_What you should do_.
Your answer must be an exact copy of the listing, with the images left out.

_Stored data_.

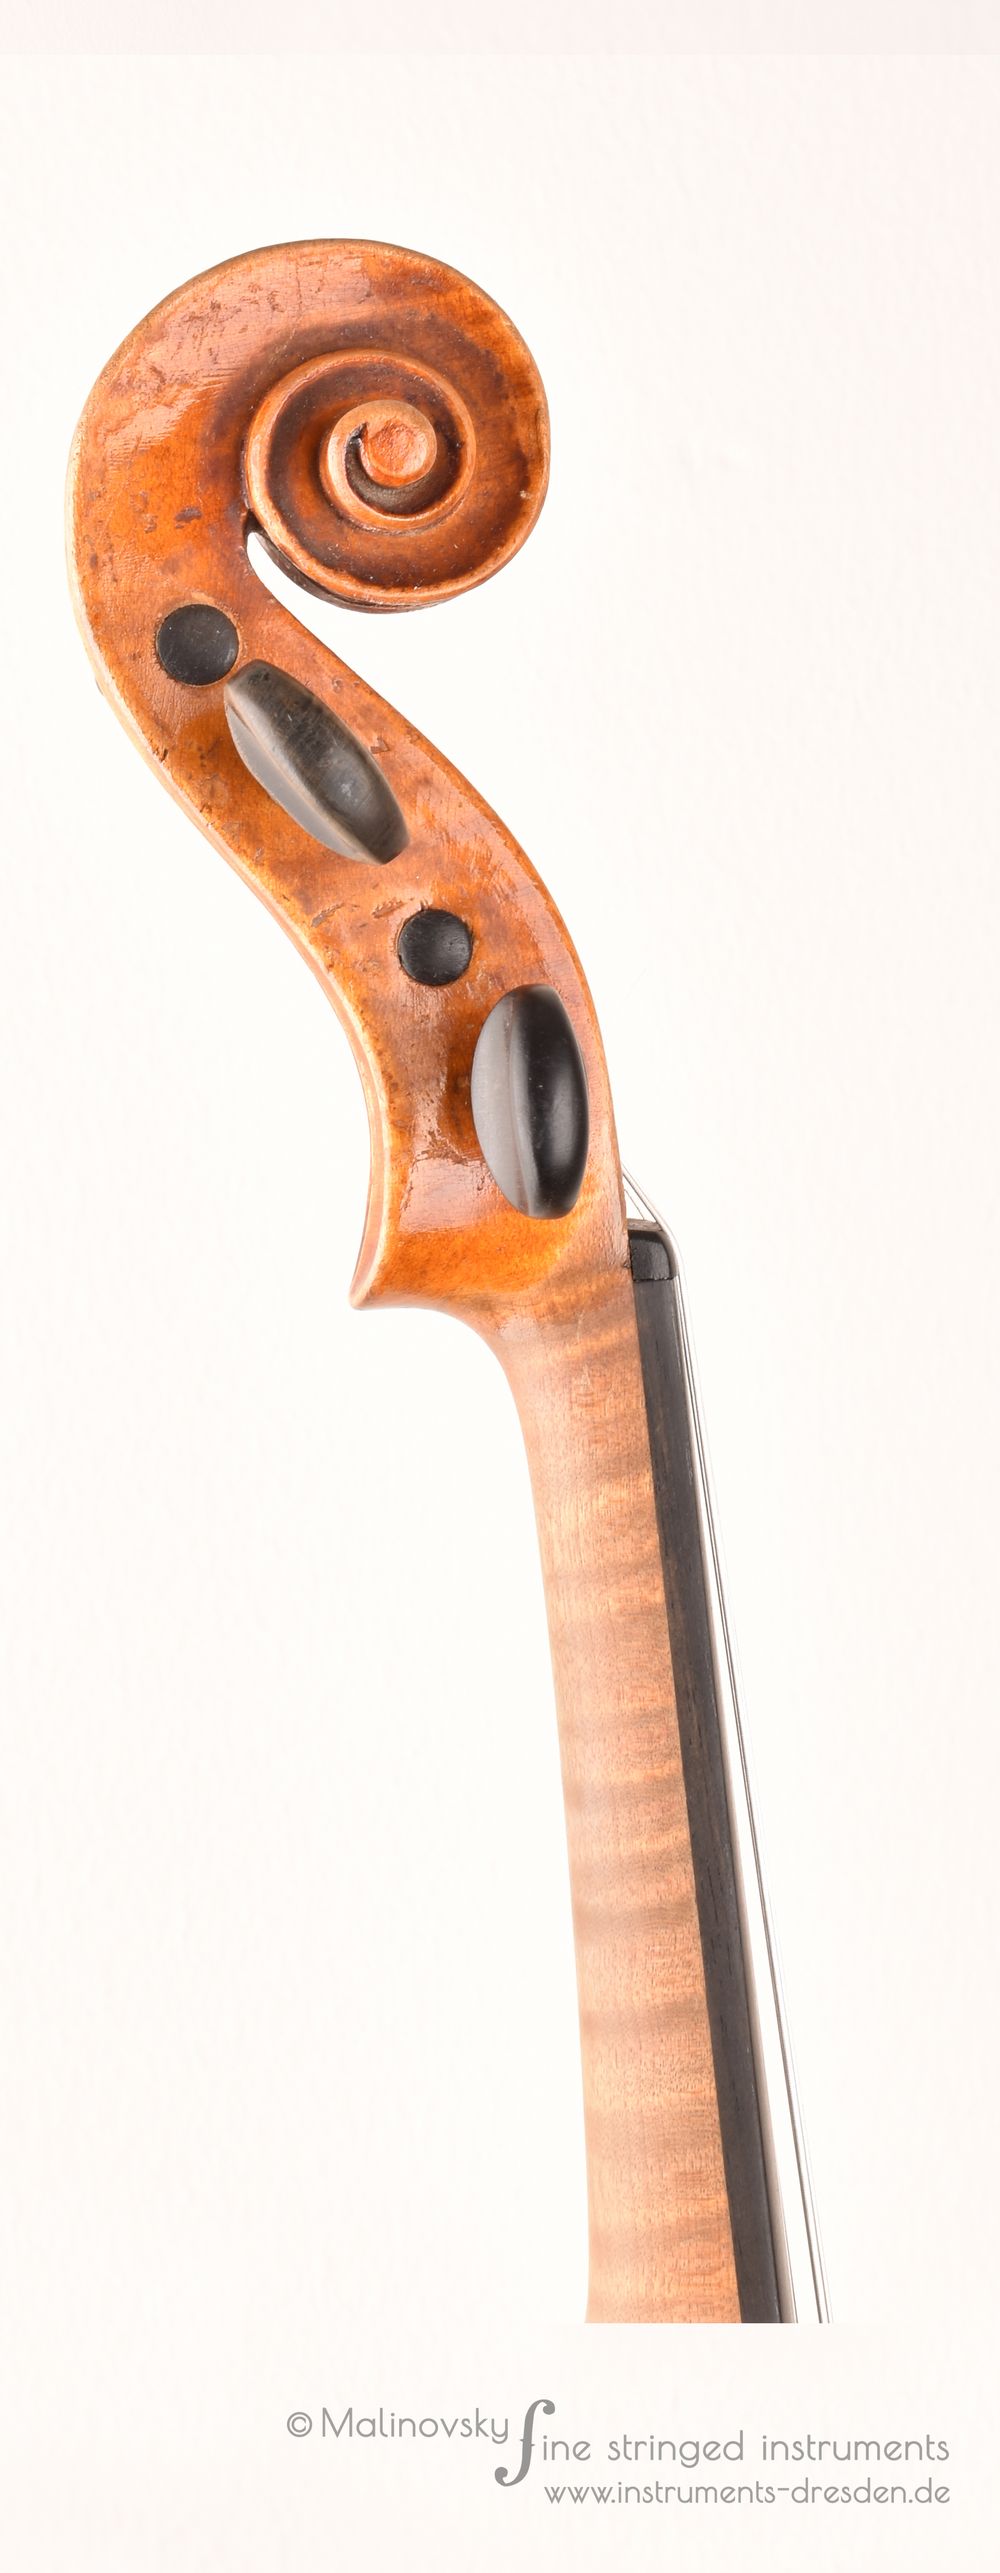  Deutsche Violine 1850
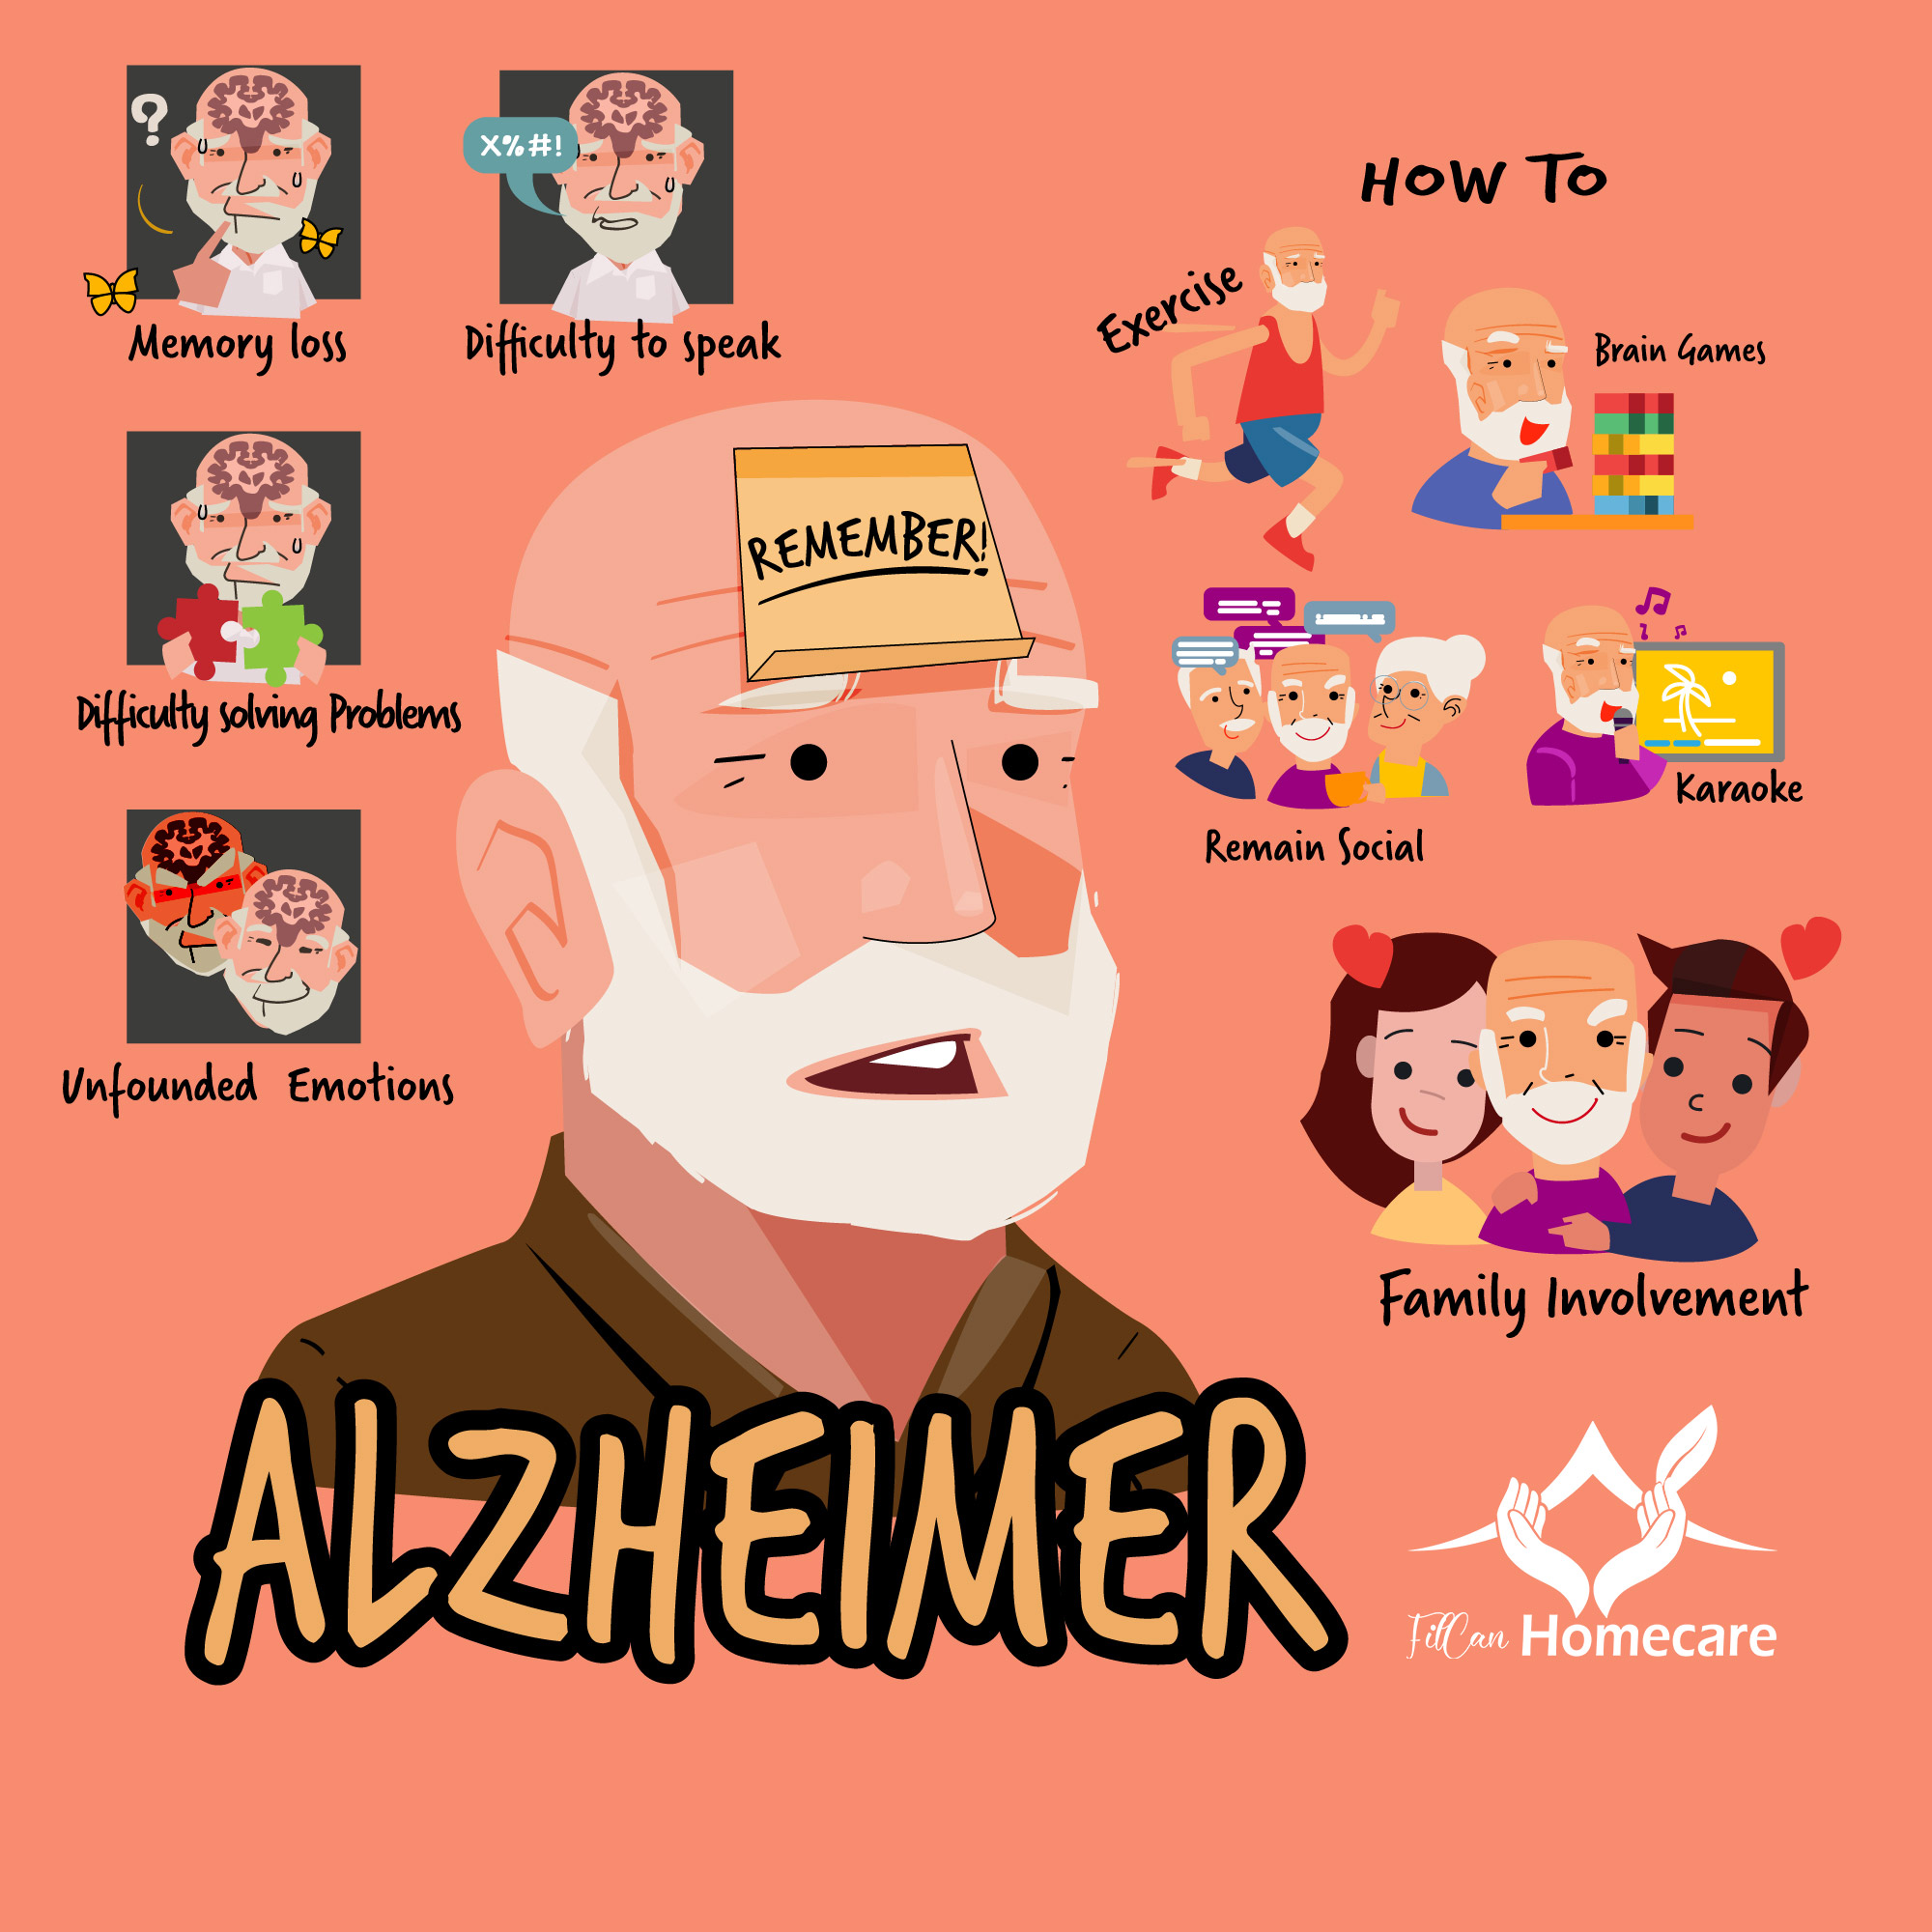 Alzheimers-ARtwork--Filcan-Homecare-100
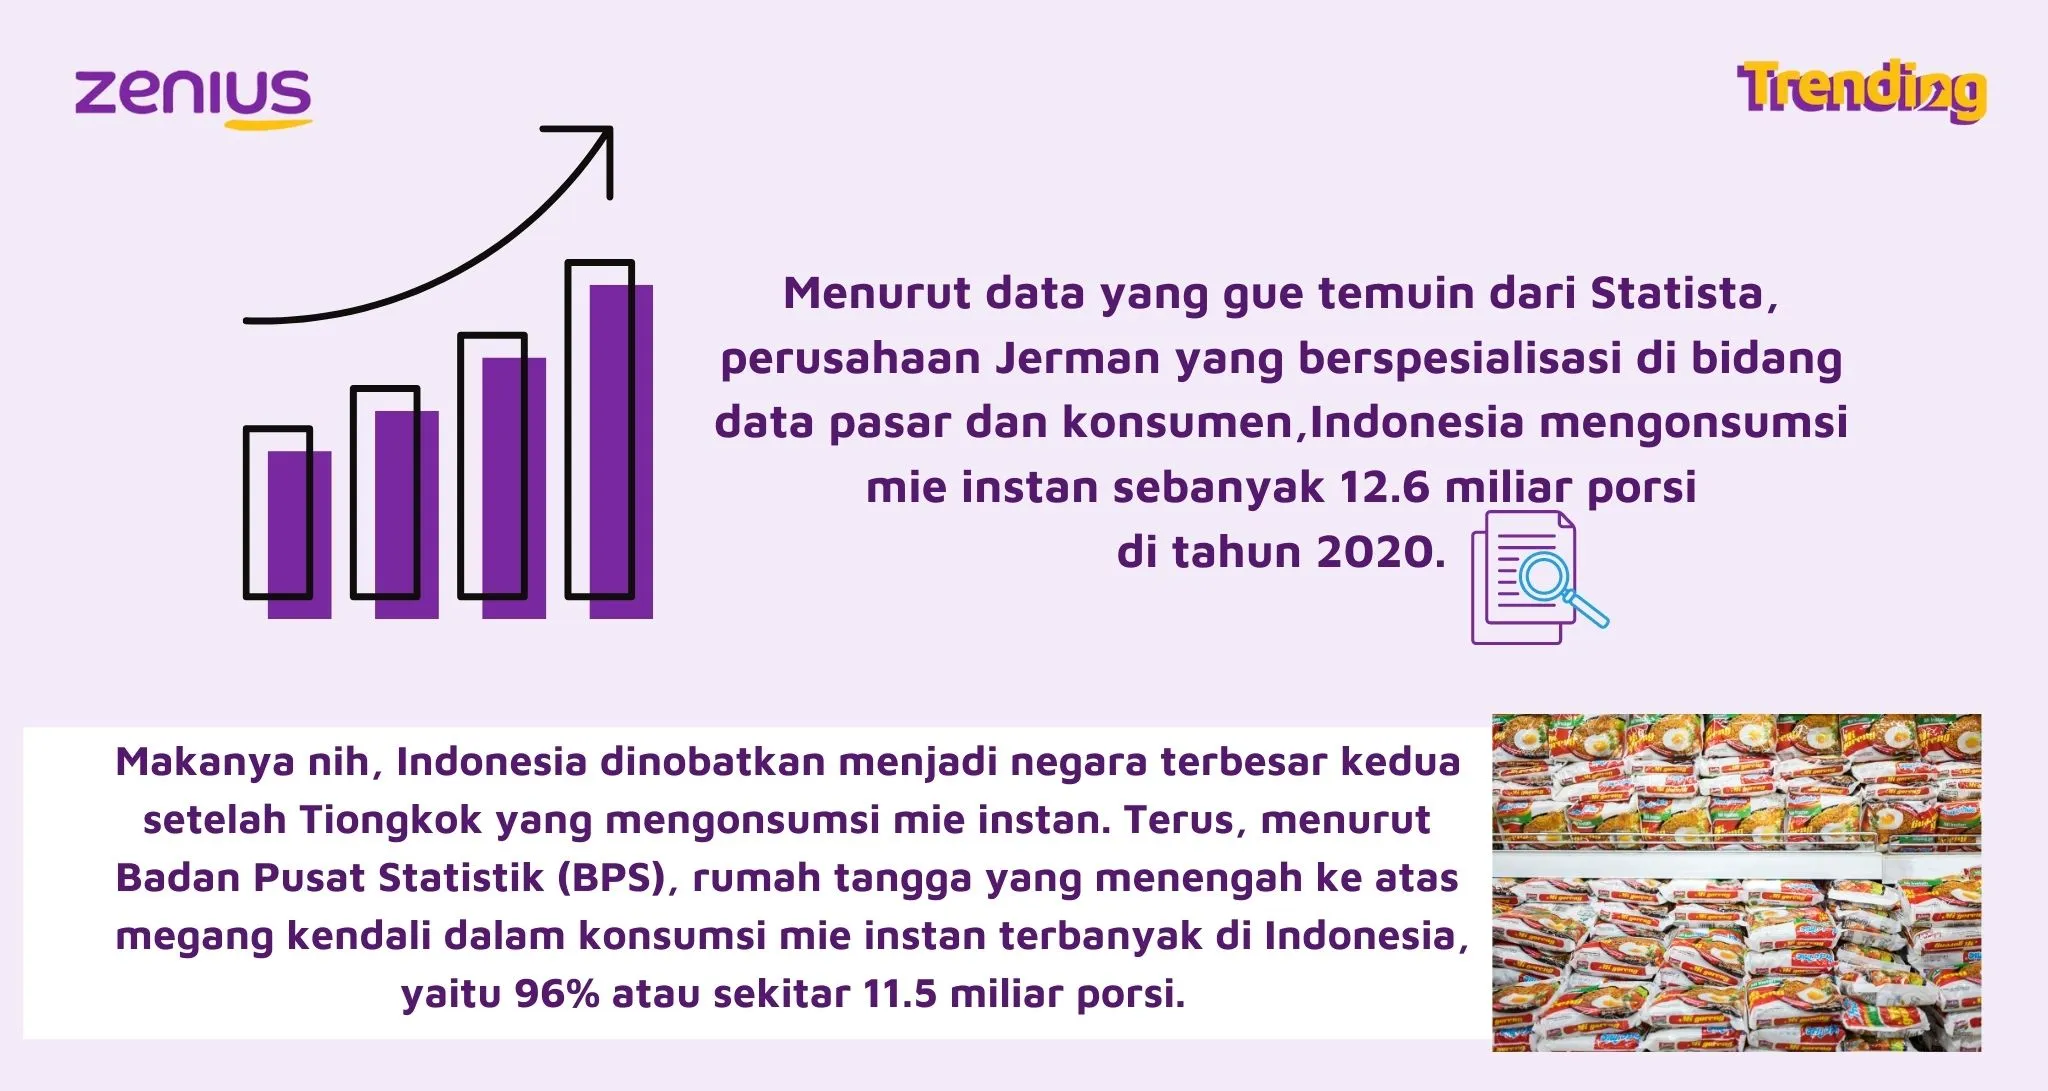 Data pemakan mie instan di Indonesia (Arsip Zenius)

_Exercise result_.
  Deutsche Violine 1850
 Alzheimers-ARtwork--Filcan-Homecare-100
 Data pemakan mie instan di Indonesia (Arsip Zenius)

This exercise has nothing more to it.